Female CEOs Are More Likely to Be Fired Than Men—Even When Their Companies Are Thriving

November 30, 2018, 6:02 PM UTC
Businesswoman leaving office with box of personal items
Woman leaving office after being fired.
Runstudio—Getty Images

One of our jobs here at Fortune is to act as the keepers of the Fortune 500—and for the Broadsheet team, that includes a special focus on the all-too-exclusive club of female Fortune 500 CEOs.

The list of women running these massive companies currently stands at 26, and it’s a bit of a nail-biting experience to watch as it climbs by a few digits each year—or even falls, as it did when we released the 2018 Fortune 500 list in May (it was then 24, down from 32 a year earlier).

So, you can imagine that my interest was piqued by a new research study with the atypically-kicky-for-academia title, “You’re Fired! Gender Disparities in CEO Dismissal.” The question posed by the study’s authors is one I’ve asked myself over the years as we’ve scratched names off our roster of female chiefs: Are women more likely to be ousted from CEO jobs than their male counterparts?

Before the research team—Vishal Gupta of the University of Mississippi, Sandra Mortal of the University of Alabama, Sabatino Silveri of the University of Memphis, Minxing Sun of Clemson University, and Daniel Turban of the University of Missouri—could tackle that question, though, they had to solve a problem that those of us who cover this stuff are all too familiar with—very few CEOs admit to being “fired” and very few companies admit to firing them. To determine which executives were dismissed, the researchers relied on press reports that he or she had been fired or forced out, or resigned due to policy differences or pressure. “Further,” write the authors, “exits for CEOs below the age of 60 are classified as dismissal if either the press does not report the reason as death, poor health, acceptance of another position, or the press notes that the CEO is retiring, but does not announce the retirement at least six months in advance.”
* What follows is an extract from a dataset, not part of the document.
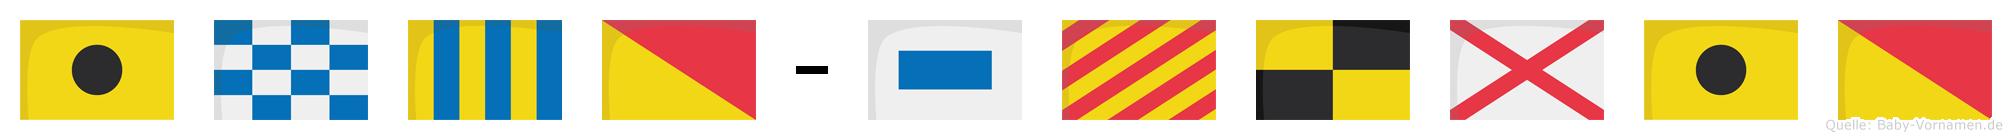 Ingo-Sylvio im Flaggenalphabet

With all that established, the researchers finally reached a conclusion: Yes, female CEOs are more likely to get the boot. In fact, they’re 45% more likely to be dismissed than their male counterparts. Interestingly, though, there’s not much of a difference (“statistically insignificant”) when the company is doing poorly. The gap only kicks in when you look at companies that are performing well.

So, what’s going on? The researchers can’t say for certain, but their hypothesis resonates. They suggest that when a company is performing badly, the decision to fire the CEO is often clear cut. But when it’s doing well, there is “considerable ambiguity about the CEO’s leadership of the firm and no clear script for the board to follow.” In that situation, board members are more likely to fall back on the gender stereotypes and decide that the female CEO doesn’t have the “leadership qualities” needed to continue the company’s winning run.

Okay, I admit—this isn’t the cheeriest news to launch you into your weekend. But it is vitally important to understand these types of dynamics. After all, how many “ambiguous” decisions do our bosses make about us throughout the course of our careers? Research like this sets us up to anticipate and perhaps influence those moments and—most importantly, brings them to the attention of those whose bias has the power to wreck companies and careers.